Уже несколько лет подряд Пришвин практически безвылазно жил среди крестьян, и чем лучше их узнавал, тем выше становился его счет к ним, более жесткие выносились оценки, и при этом претензии он предъявлял, как и в 1917 году, не с традиционной интеллигентской точки зрения, где смешивались в разных пропорциях чувства ксенофобии, вины и идеализации народа, что отчасти и отразил знаменитый сборник начала века «Вехи», а со взыскующей гражданской позиции: «Гражданская тоска: неужели, в конце концов, Семашко, когда жил в деревне доктором, „все презирал в ней и ненавидел“ и был прав, для жизни — тут нет ничего.
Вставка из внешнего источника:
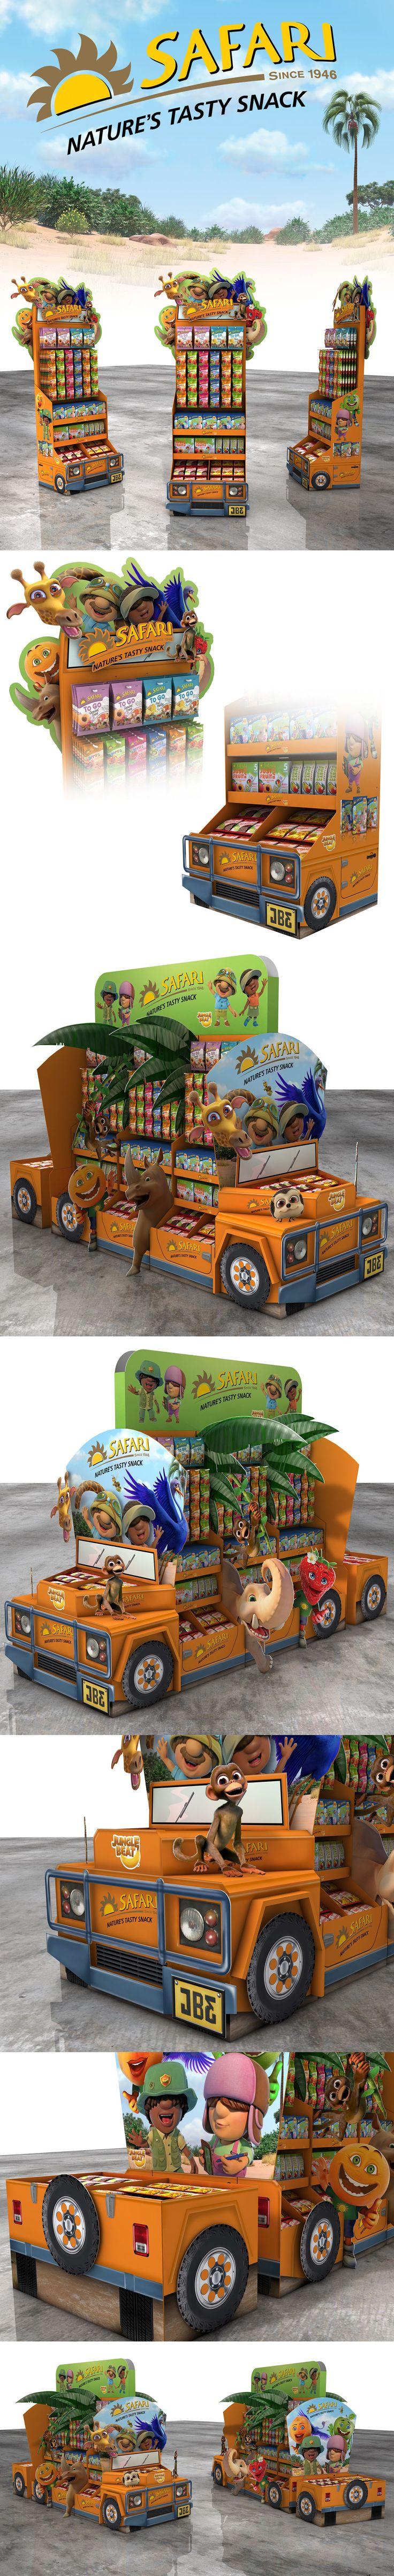 Safari Jeep Display on Behance

Похороны — красивейший обряд русского народа, и славен русский народ только тем, что умеет умирать».

А вот пережив голодные елецкие годы:

«Между прочим, вспоминая прошлое, как это курьезно сопоставить то чувство негодования, когда узнавал, вот такого-то мужика большевики, вымогая сознание в своих деньгах для чрезвычайного налога, опускали в прорубь, и когда мужик измучит тебя своей алчностью при менке пиджака на дрова, скажешь: „Ну и хорошо же, что большевик окунул тебя, зверя, в холодную воду“».

А затем под Смоленском:

«Деревня — мешок злобно стукающих друг о друга костей».